Syahdan, suatu ketika Ma'an
bin Zaidah mendatangi Al-Makmun. Al-Makmun bertanya, “Bagaimana keadaanmu di
usia tua renta ini?” Ia menjawab, “Aku bisa jatuh hanya karena tersandung
kotoran unta, dan cukup diikat hanya dengan sehelai rambut.”
Al-Makmun bertanya lagi,
“Bagaimana tanggapanmu terhadap makanan, minuman, dan tidurmu?” Ia menjawab,
“Bila lapar, aku marah; dan bila makan, aku merasa jengkel; bila berada di
antara orang-orang, aku mengantuk; dan bila di atas kasur, aku terjaga.”

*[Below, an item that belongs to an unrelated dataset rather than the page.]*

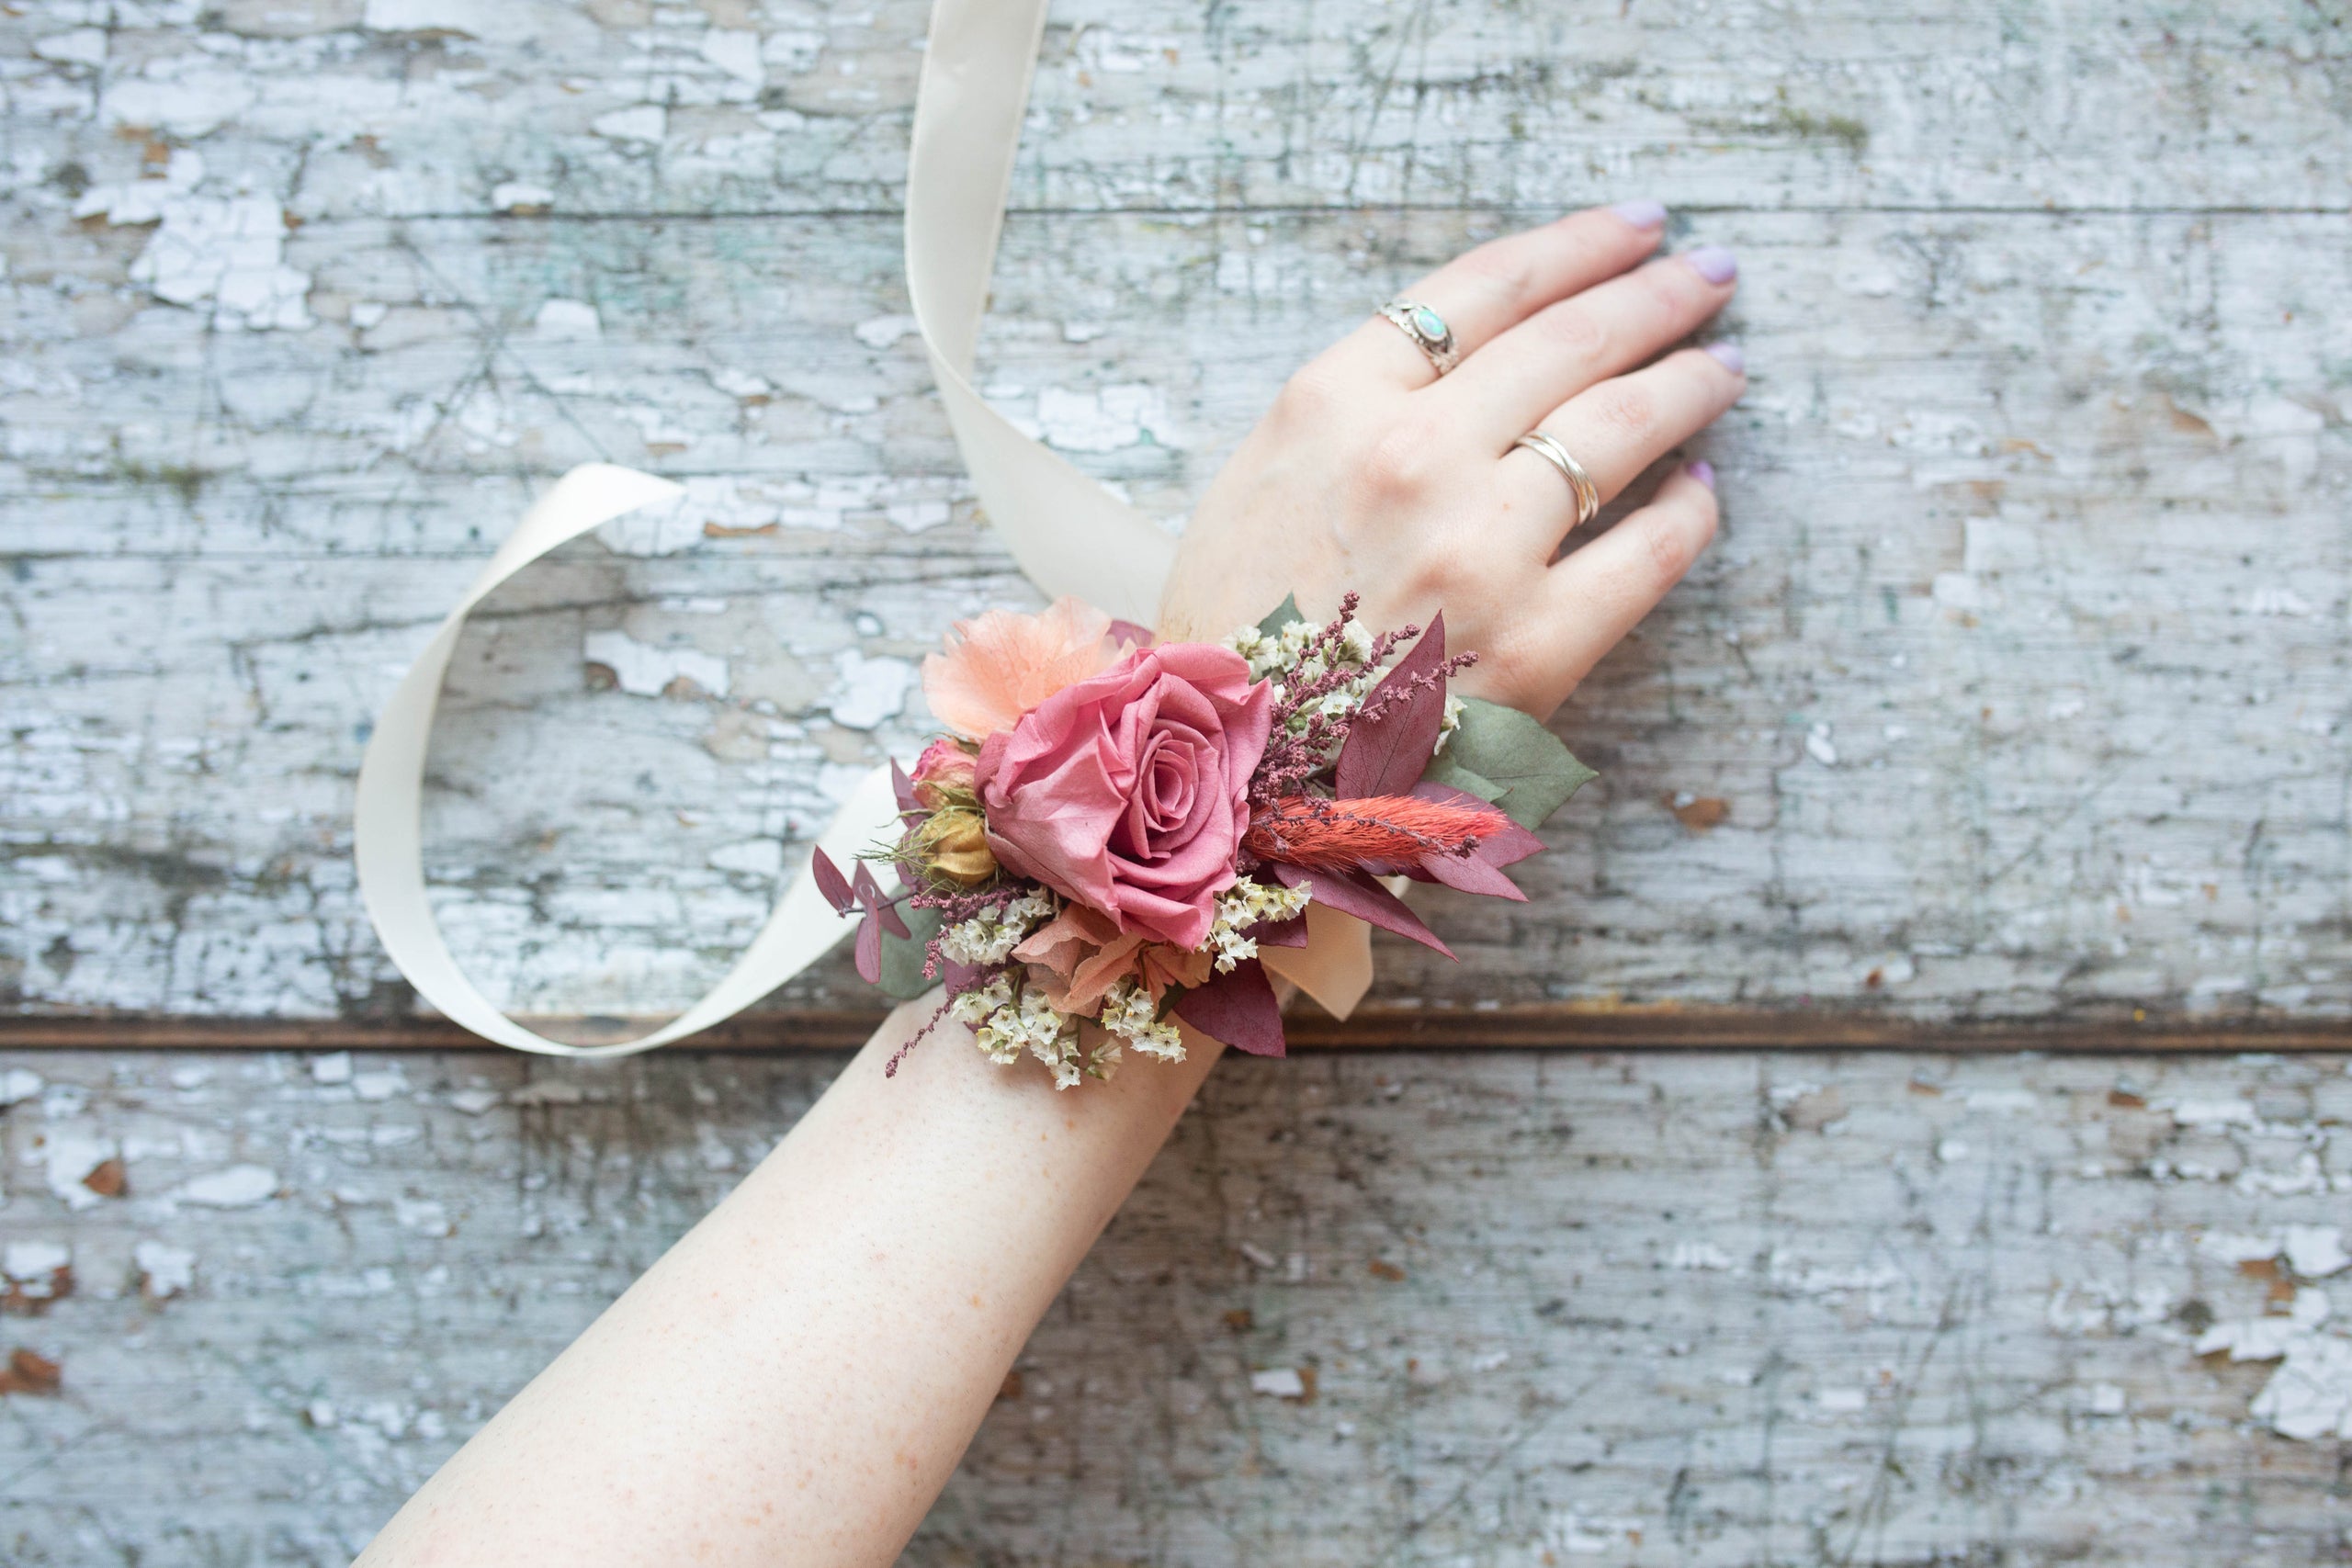 Dried Floral Corsage With Ribbon Overlay, Beautiful Natural Dried

'Bagaimana pendapatmu tentang
para wanita?” Ia menjawab, “Kalau wanita yang buruk rupa, aku tidak
menginginkan mereka; sedangkan para wanita yang cantik, mereka tidak
menginginkanku.” Al-Makmun berkata, “Kalau begitu, tidak pantas orang sepertimu
dianggap muda.”
Sungguh amat keterlaluan bagi
orang-orang yang sudah lanjut usia, tapi masih juga melakukan maksiat.
Rasulullah SAW bersabda, “Allah SWT tidak akan menerima dalih seseorang sesudah
Dia memanjangkan usianya hingga 60 tahun.” (HR Bukhari).

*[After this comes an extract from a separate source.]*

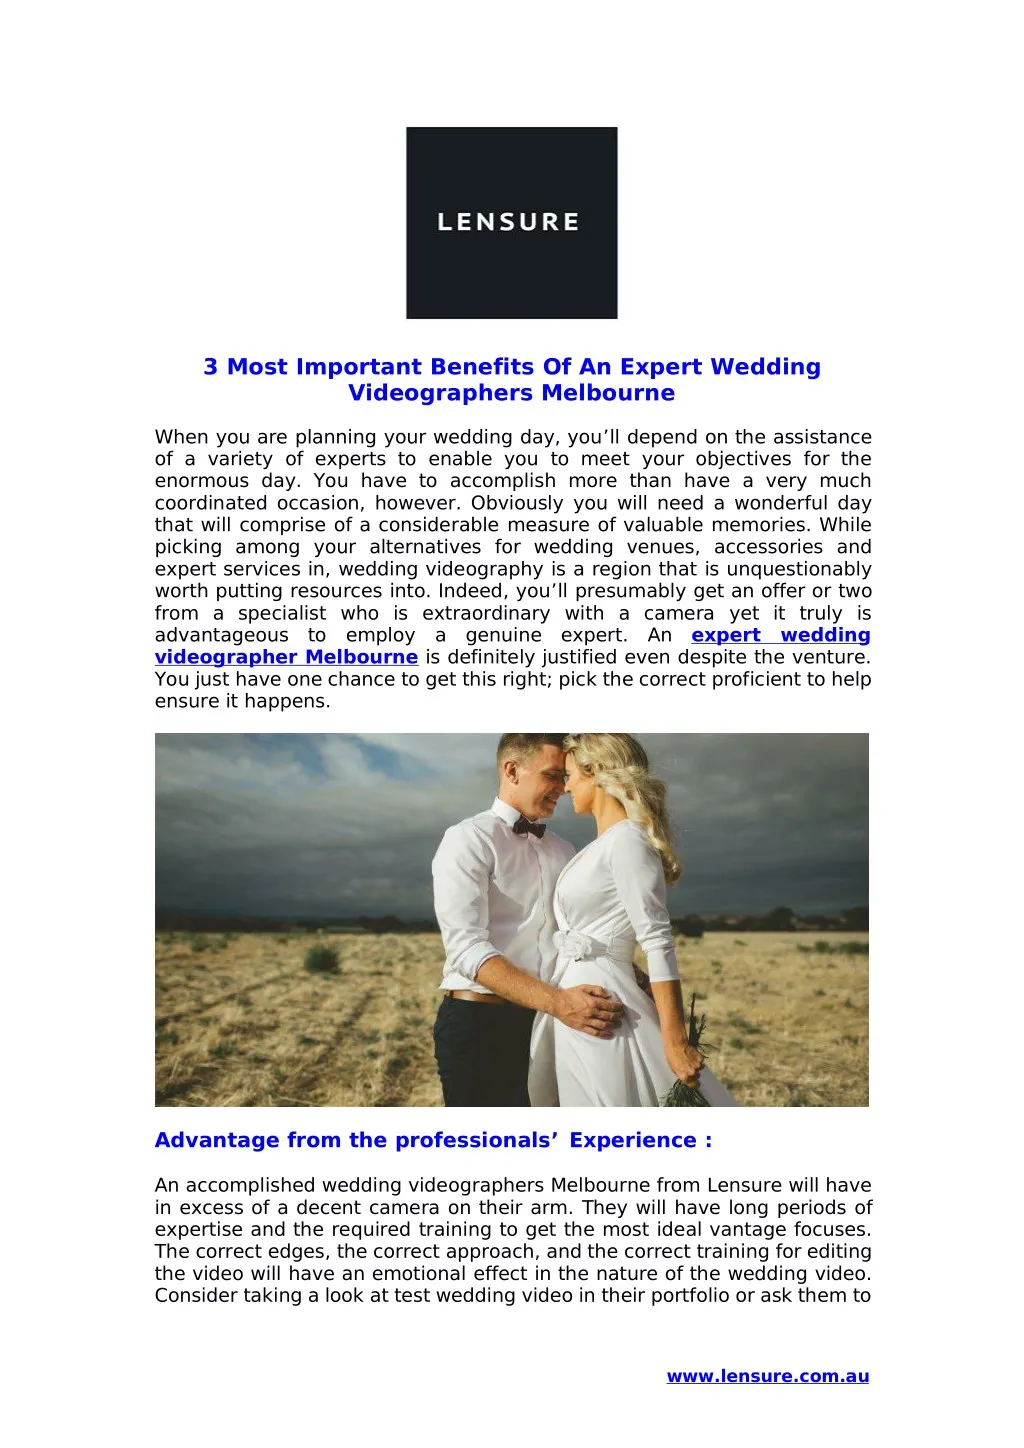 3 most important benefits of an expert wedding

Oleh karena itu, Allah memberi
pujian kepada mereka yang berusia senja, tapi masih tetap menjaga keimanannya.
Dalam sebuah hadis qudsi, Rasulullah menyampaikan firman Allah SWT, “Demi
kemuliaan-Ku, keagungan-Ku, dan kebutuhan hamba-Ku kepada-Ku, sesungguhnya Aku
merasa malu menyiksa hamba-Ku, baik laki-laki maupun perempuan, yang telah
beruban karena tua dalam keadaan Muslim.”
Tua dalam keadaan Muslim yang
dimaksud dalam hadis Qudsi di atas adalah orang yang panjang umurnya dan baik
amal perbuatannya. Rasulullah SAW bersabda, “Sebaik-baik orang di antara kalian
ialah yang panjang umurnya dan baik pula amalannya.” (HR Tirmidzi).

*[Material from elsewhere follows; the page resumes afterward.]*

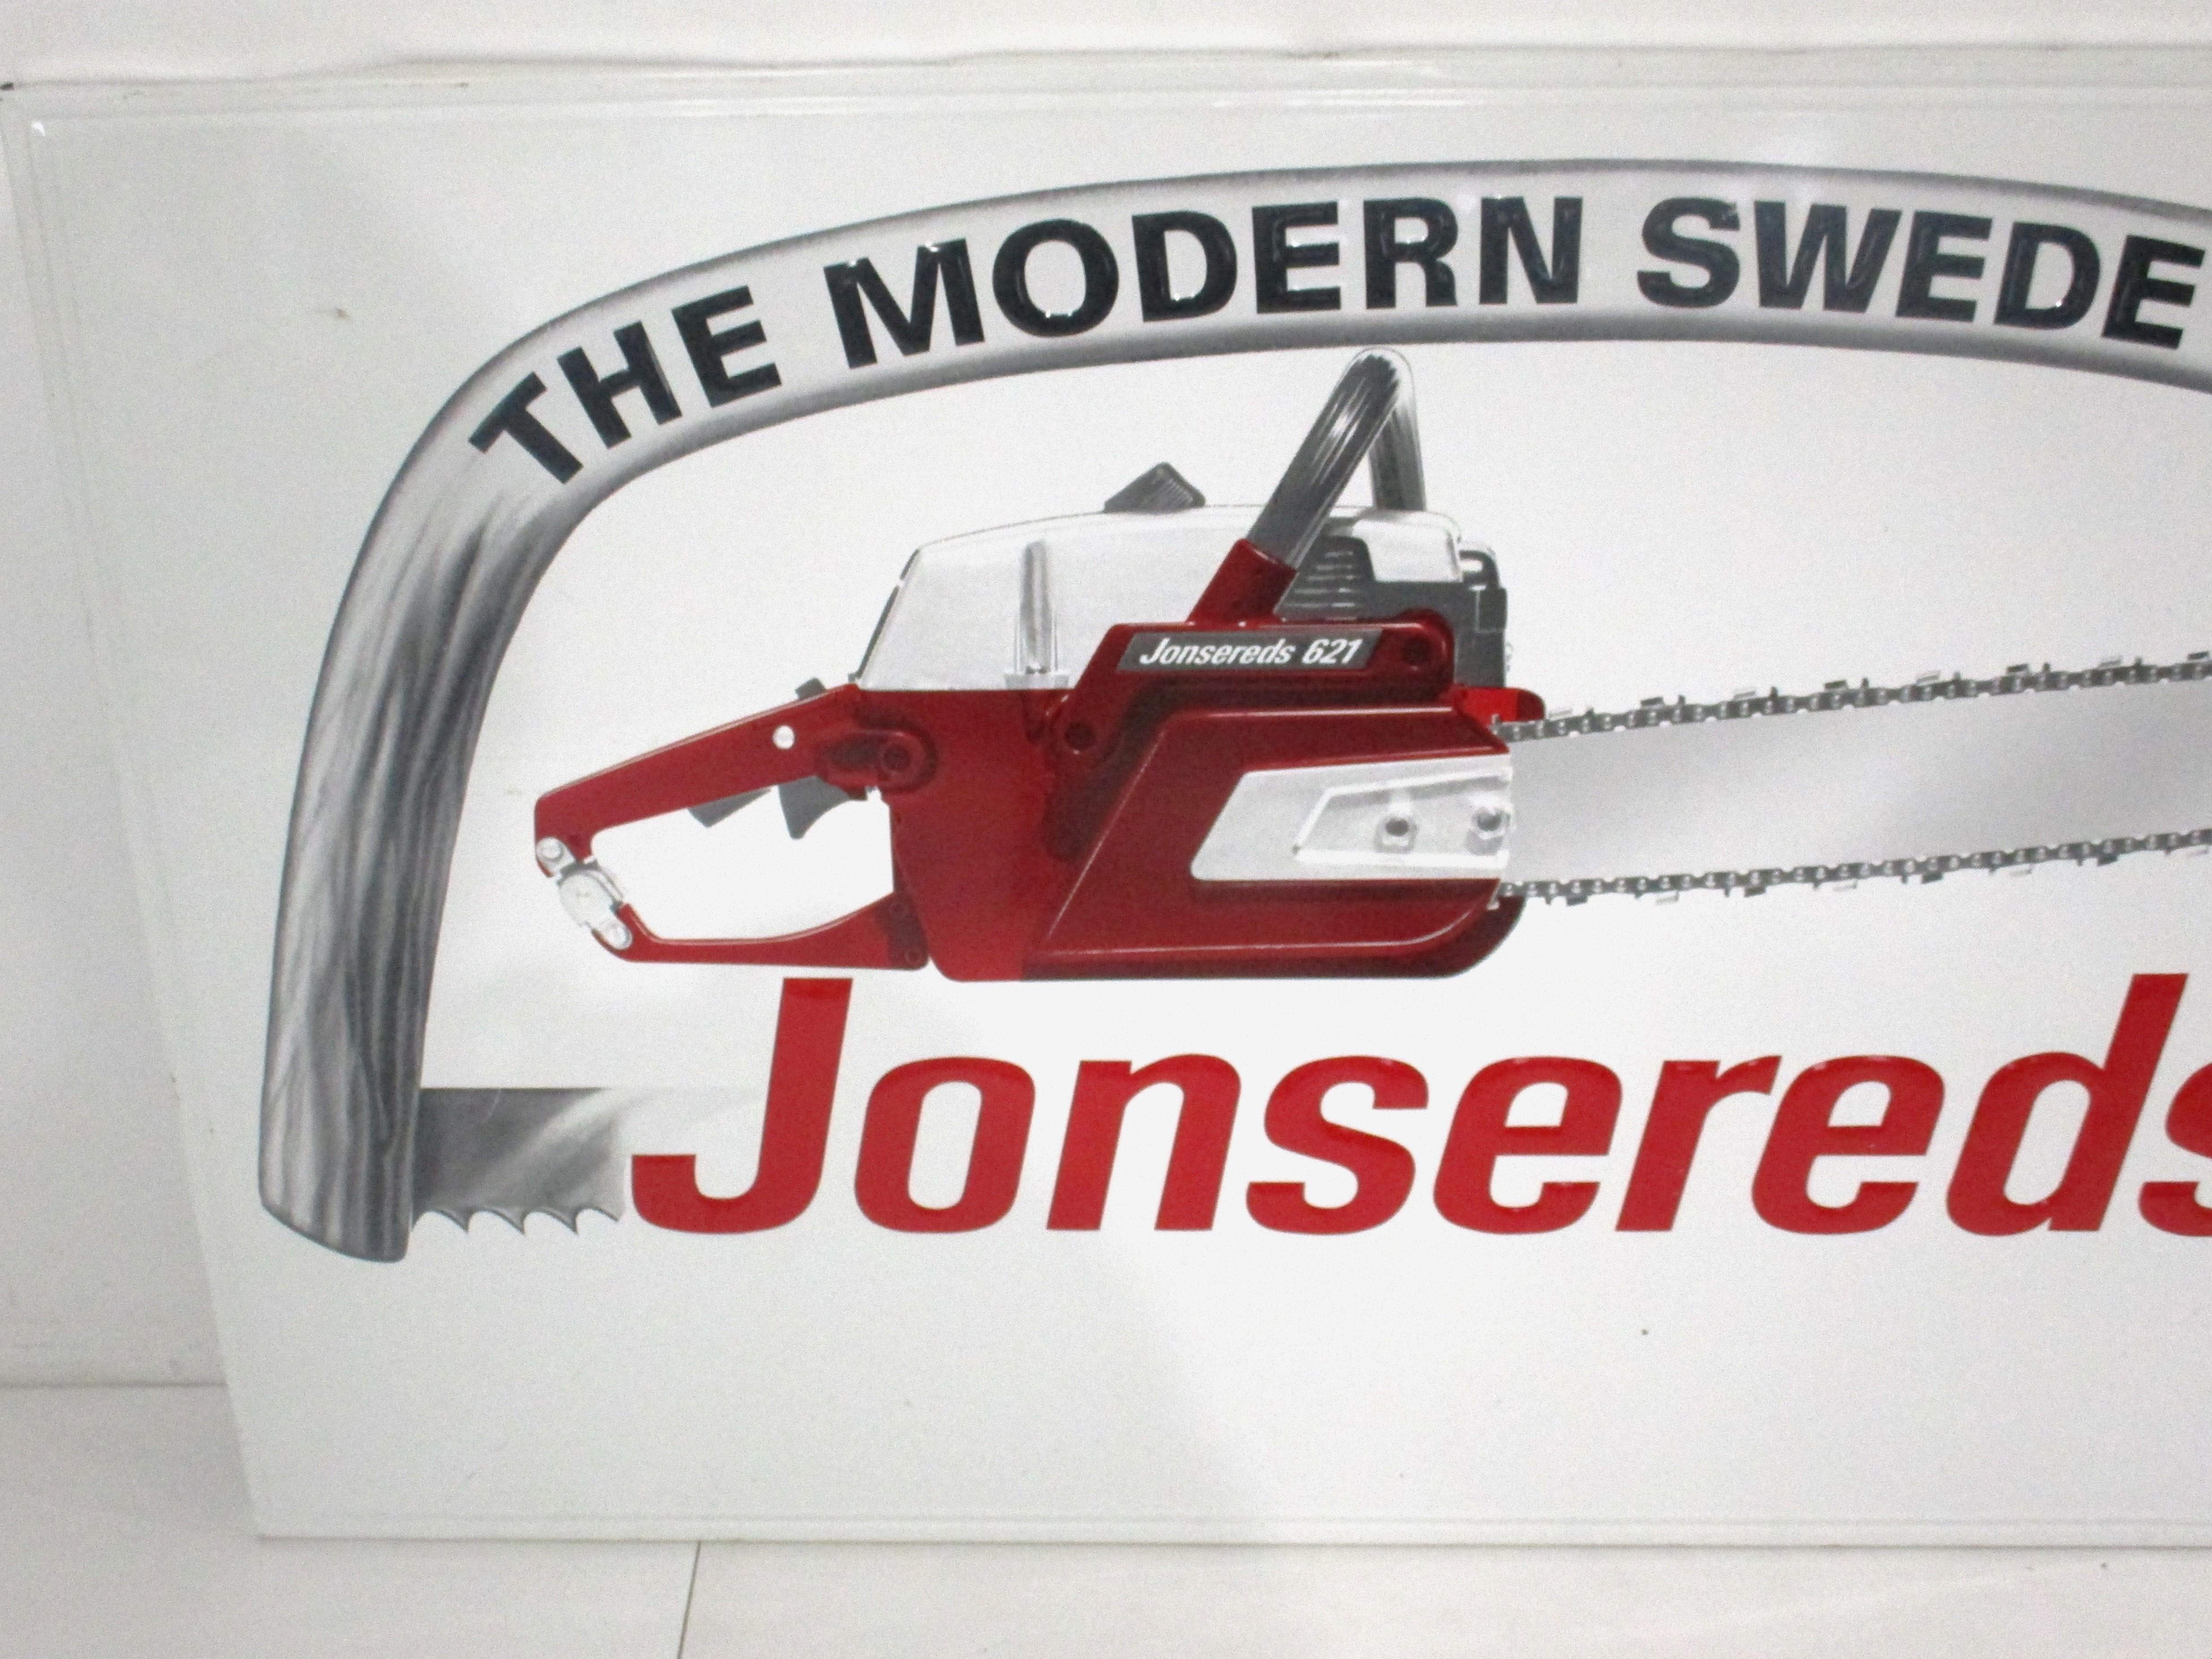 A large embossed and printed metal advertising sign for the Jonsereds chain saw company . The company makers of the traditional Swedish styled hand saw as depicted on the sign shown with their newest chain saw model number 621 titled

Dengan demikian, kebahagiaan
di akhirat harus dicapai dengan bekal pahala yang banyak dari amal saleh yang
sebanyak-banyaknya. Rasulullah telah memberikan resep tentang amal yang
pahalanya akan terus mengalir meskipun kita sudah meninggal dunia.
Rasul SAW bersabda, “Apabila
seorang anak Adam meninggal dunia, maka terputuslah semua amalnya kecuali tiga
hal, yaitu sedekah jariyah, ilmu yang bermanfaat, atau anak saleh yang
senantiasa mendoakan orang tuanya.” (HR. Muslim).
Inilah rahasia keberkahan usia
yang terus bertambah, dan tetap mengalir pahala kebaikannya. Ibarat sebuah
aset, kita tinggal menikmati keuntungan dan kejayaan kita.